Much remains unknown, including the maker of the phone, and what happened next. The language of the opinion suggests it could apply to a company like Apple. The order is directed at the “manufacturer of the cellphone,” and Apple is one of the few companies that produce both the phone itself and the software that would manage the encryption.
The order (full embed at bottom of post) was signed and published by a federal magistrate; this is significant because, as the article above explains, these types of decisions don’t normally come down in a published opinion. (Magistrates usually just sign an order granting or denying a request.)
The fact that this decision is now published is a signal to other judges who may examine it that we could be looking at the development of a new legal precedent to answer evolving technology.
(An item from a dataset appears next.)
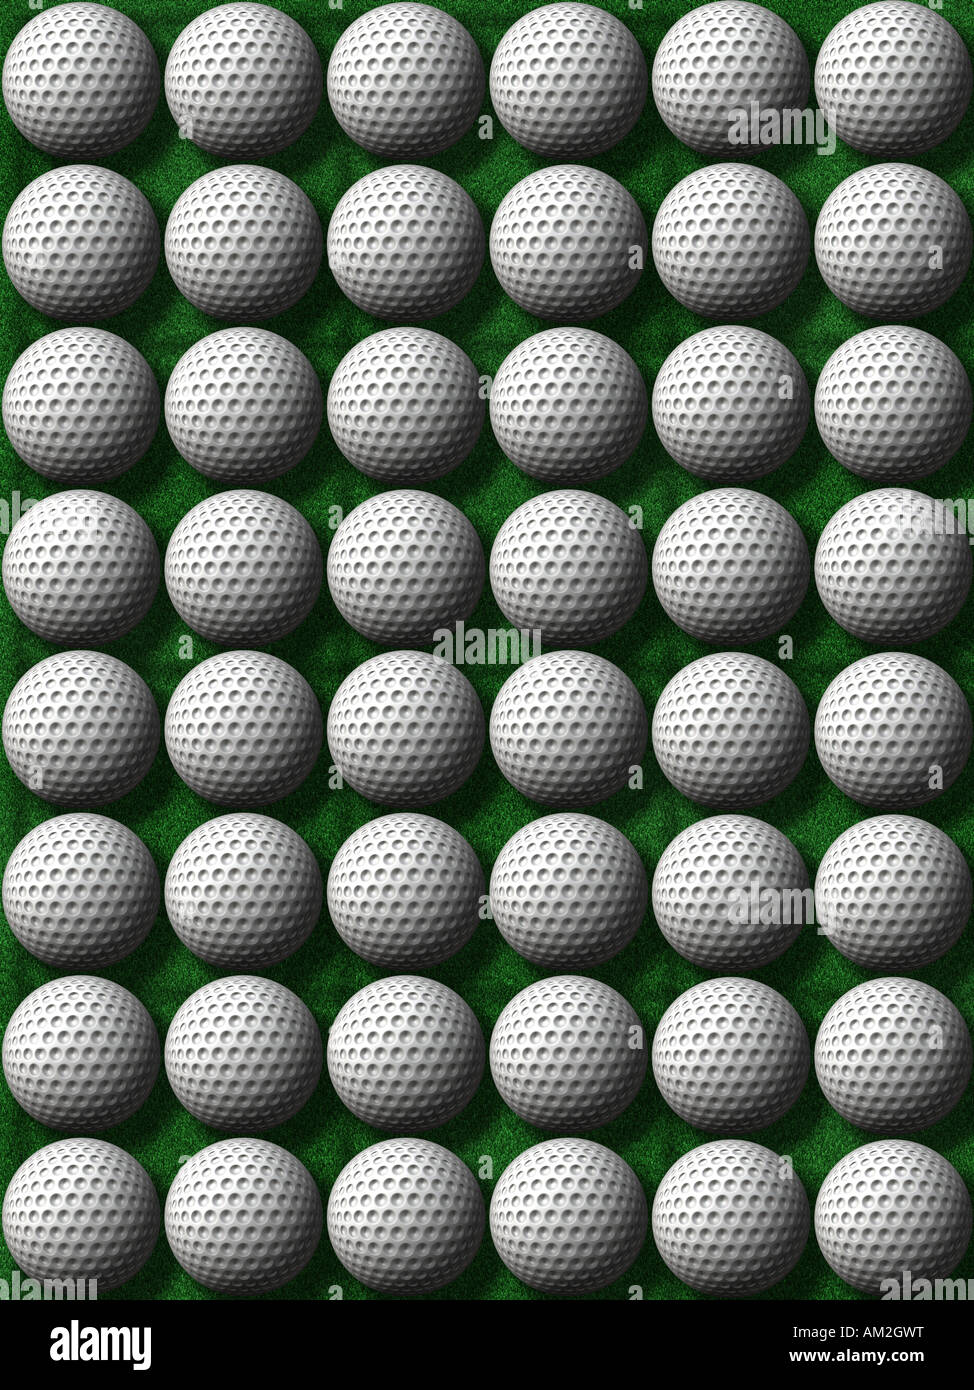 Des tas de balles de golf sur un fond d'herbe verte Banque D'Images

Jonathan Mayer of the Stanford Law School has a fantastic overview of what an All Writs order is, and the different ways they have been used to aid in surveillance (h/t Ars Technica):
“The TL;DR is that there is nothing new about using the All Writs Act to compel assistance,” Mayer told Ars by e-mail. “And there is also nothing new about using it to compel assistance with unlocking a phone. That repeated language you saw? It’s provided by Apple itself!”
“As for the opinion discounting the All Writs Act, that had to do with surveillance under the Electronic Communications Privacy Act. Where ECPA applies, the All Writs Act doesn’t. (It’s just a default, as the court rightly noted.) Phone unlocking isn’t covered by ECPA, so the All Writs Act remains in play.”
It may not be novel, but if you’re Apple, you have to be wondering how far the government is going to go to maintain their ability to execute hassle-free searches though our data. The majority of these proceedings are sealed, which means that there’s little transparency surrounding this latest development in data privacy.